Denis Gansels „Die Welle“ mahnt zur Reflexion des eigenen Handelns
„Die Lehrer sind doch heutzutage keine Autoritätspersonen mehr. Die spulen doch nur noch ihr Programm ab und können froh sein, wenn ihnen überhaupt noch jemand zuhört. Früher war das anders …“ – Früher? Wann früher? In der grauen Vorzeit der Erinnerung, in der genuin „alles besser war“? Oder in einer konkreten historischen Epoche, in der „Die Feuerzangenbowle“ als groteske Konterkarierung der realen Verhältnisse erschien? („Wat hab ich davon, dat ihr aufsteht?)
Es waren die sog. „68er“ die sich vor mittlerweile 40 Jahren aufmachten, um den „Muff von tausend Jahren“ zu beseitigen. Doch was ist aus Euphorie der „freien Liebe und Basisdemokratie“ geworden? Wer die „Flower-Power-Zeit“ überlebte und seinen Idealen treu blieb, kann sich als museale Wachsfigur á la Mick Jagger auf roten Teppichen feiern lassen – die Majorität der „Revoluzzer“ ist jedoch mittlerweile zu jenem „Establishment“ geworden, dass sie früher so verachtete.

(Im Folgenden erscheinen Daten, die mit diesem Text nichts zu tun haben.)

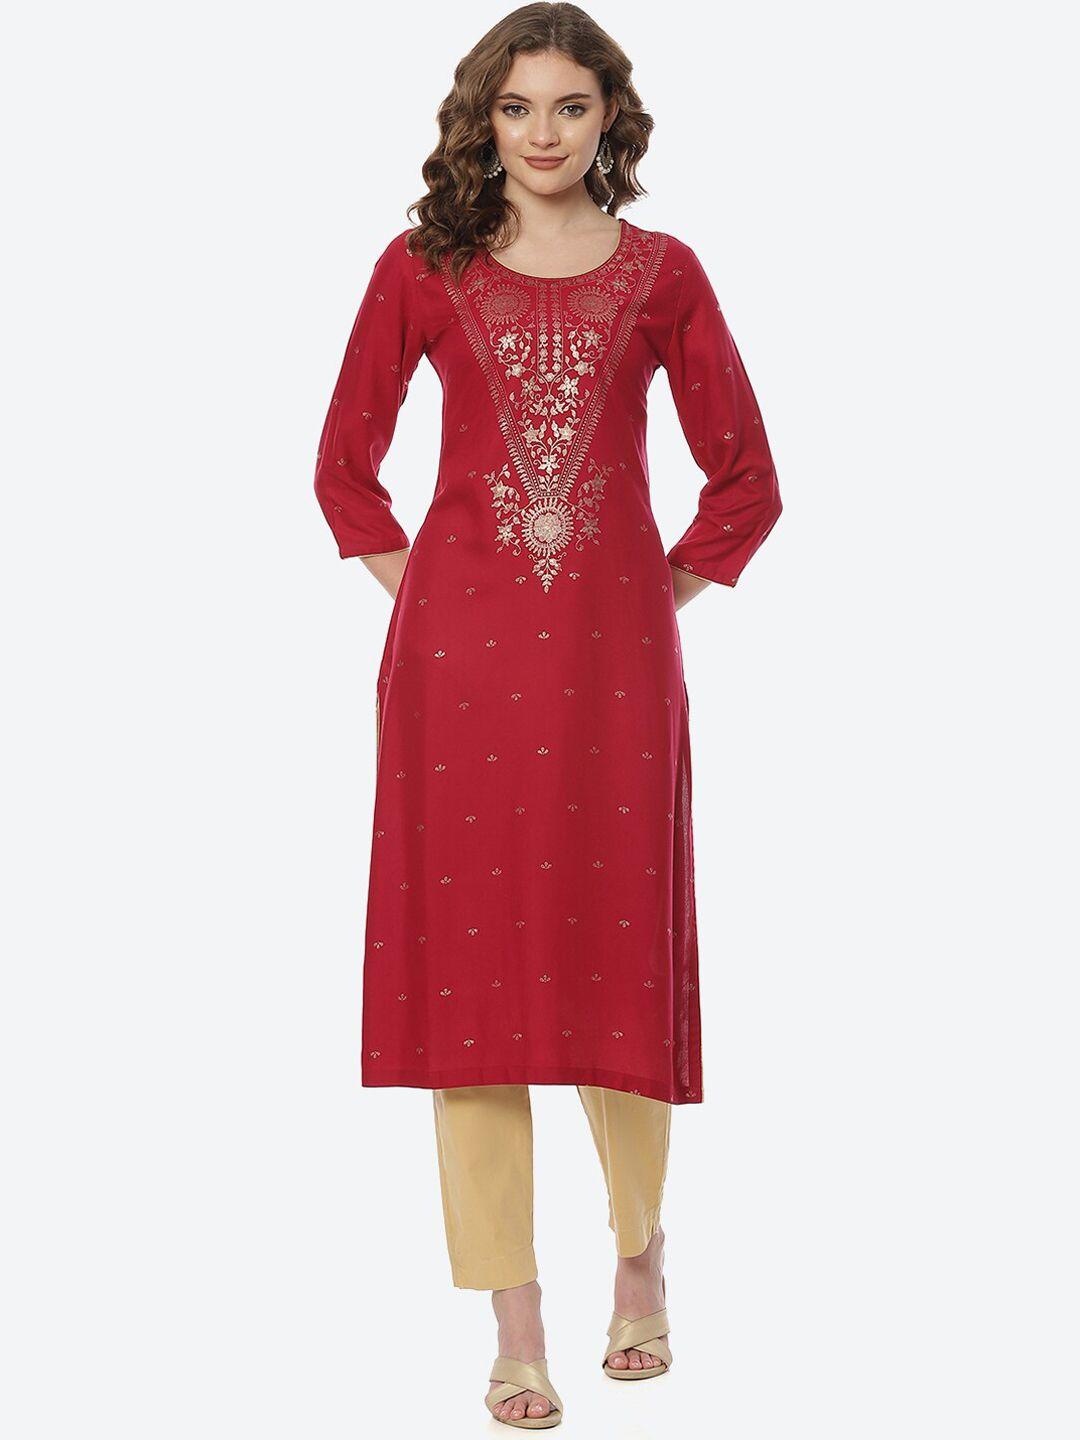 rangriti-women-red-floral-printed-kurta

Und auf jene (vermeintlich) „gescheiterten Existenzen“ blickt nun die Generation ihrer Kinder. Welche „Ideale“ soll sie verfolgen? Der Weg zur „materiellen Sicherheit“ ist scheinbar nur durch eine zunehmende Individualisierung zu erreichen. Wie hellhörig wird jemand, der bereits in der Schule an diesen Perspektiven resigniert, wenn es um Worte wie „Gemeinschaft“ und „Zusammengehörigkeit“ geht. Die Bereitschaft, sich einer „Sache“ zu verschreiben, wird mit Enthusiasmus nachgegangen. Durch uniforme Erkennungsmuster wird definiert, wer „dazu gehört“ und wer nicht. Die Orientierung erfolgt anhand einer „Leitfigur“, die charismatisch im Mittelpunkt steht. Für sie kann letztendlich nur eine treffende Bezeichnung gefunden werden: der „Führer“ …
In Dennis Gansels Neuverfilmung des Romans „The Wave“ („Die Welle“) von Morton Rhue, der 1981 erschien, ist es Jürgen Vogel („Der Freie Wille“), der sich als Lehrer – ohne sich dessen zunächst bewusst zu sein – in die Rolle dieses „Führers“ begibt. Die Schüler liefern durch die Ansammlung charakteristischer Stereotypen ein vielfältiges Identifikationspotential – zumindest für ein Gymnasium in einer (west-)deutschen Großstadt: Es gibt den „beliebten Sportsfreund“ ebenso wie den „Migranten“ und den „tragischen Außenseiter“, der „endlich einmal etwas hat, für das er sich einsetzen kann“. Sie zeigen in realistischer Lockerheit, wie schnell sie sich von vermeintlich „aufgeklärten“, selbstironischen Hip-Hopern zu dem wandeln, was Elias Canetti als „geschlossene Masse“ bezeichnet hat: wer sich den Dogmen der Zugehörigkeit nicht unterwirft, wird radikal ausgegrenzt und mundtot gemacht.
Durch Kameraeinstellung, Schnittfolge und musikalische Gestaltung ist der Film sehr an ein amerikanisches „Highschool-Movie“ angelehnt – wozu auch das drastische Finale neigt – sicher ein Grund weshalb das Werk auch als deutscher Beitrag bei Robert Redfords alternativem „Sundance Film Festival“ lief.
„Die Welle“ lässt den Betrachter zwar zunächst mit schockierender Ratlosigkeit zurück, lässt ihn aber gleichzeitig darüber reflektieren, welch eine schwierige Gratwanderung zwischen autoritärer Respektperson und mitmenschlichem Vermittler den Beruf des Pädagogen auszeichnet – in einer Welt, in der die Schule als Meinungs- und Wertebildungsinstitution weit hinter Fernsehen und Internet zurückgetreten ist.